Adobe issued 52 security patches for Flash Player this week, one of the largest this year, as part of their monthly Patch Tuesday updates. Fortunately, there are no zero-day fixes in this batch and none of the vulnerabilities are exploited by hackers.
A whopping 33 patches for memory corruption and 10 use-after-free fixes are included to close holes that may lead to remote code execution. These bugs, when exploited, may grant an attacker full control of a compromised machine.
A few patches for type confusion, stack corruption and heap buffer overflow vulnerabilities are also in the Flash update to likewise prevent code execution. A patch for a race condition hole and another one for a security bypass were also issued.
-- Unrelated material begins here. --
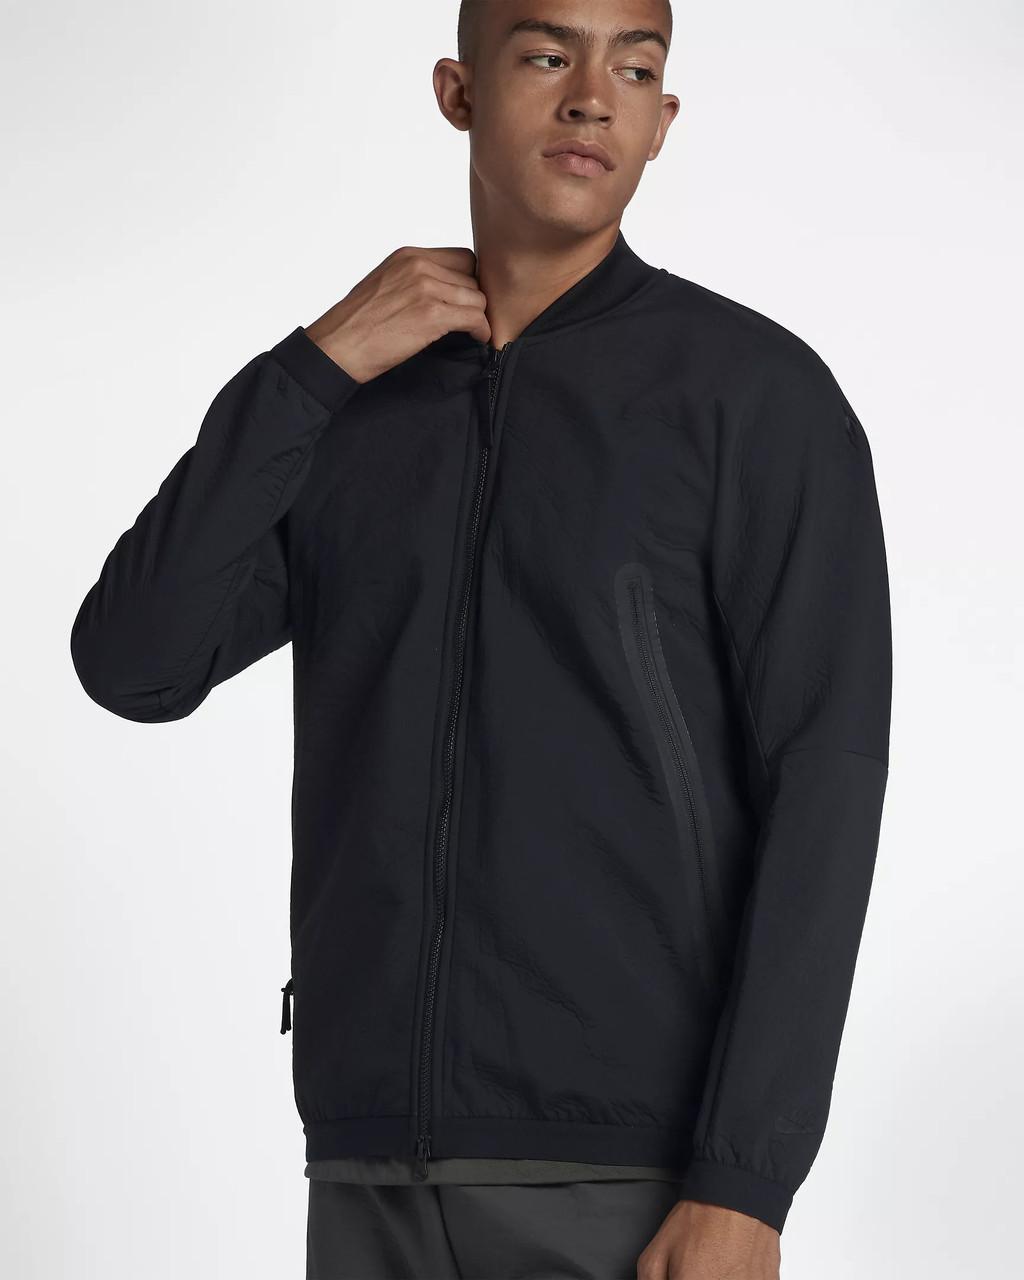 2a455ae3 Куртка Nike Sportswear Tech Pack Woven Track Jacket 928561-010 (Оригинал) -  Football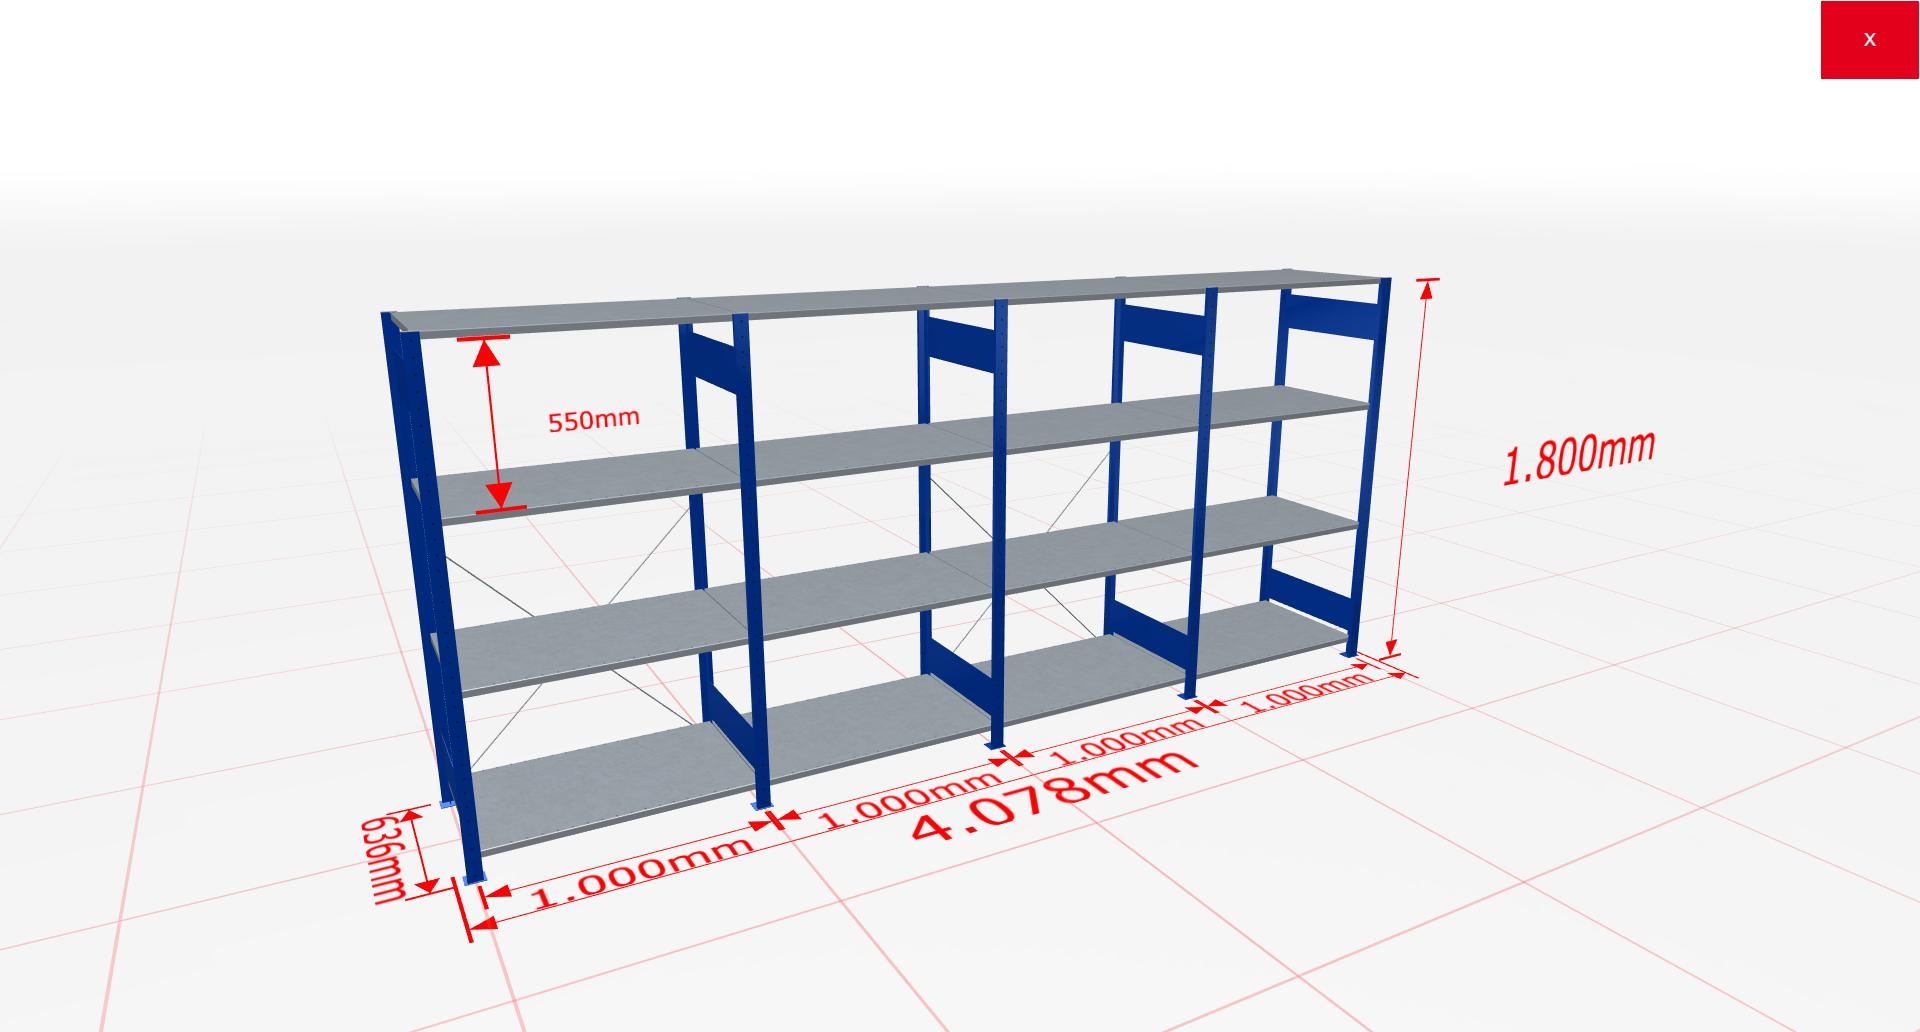 Fachbodenregal Komplettregal 1800x4078x600 mm (HxBxT) SCHULTE Lagertechnik blau 4 Ebenen  150 kg je Boden

Both flaws could allow attackers to mine sensitive user data through information disclosure. Lastly, a fix for memory leak vulnerabilities is also included.
These are all marked as critical vulnerabilities so if you regularly use Adobe Flash Player (which you shouldn't), please update it as soon as you can.
For Chrome, Internet Explorer 11, and Microsoft Edge browsers, the updates should be applied automatically after a restart. For other browsers, you may need to update the Flash plugin manually. Follow our Adobe Flash Update Tool guide for download and install instructions.
For Adobe Acrobat and Reader users, new versions are also available now. These updated versions fix 30 vulnerabilities that may allow an attacker to seize control of a compromised machine. Adobe also updated XMP Toolkit for Java to address bugs that could lead to information disclosure.
Users could apply the updates by clicking Help >> Check for Updates on the software menu. To get the full Acrobat Reader installer, visit Adobe's download page.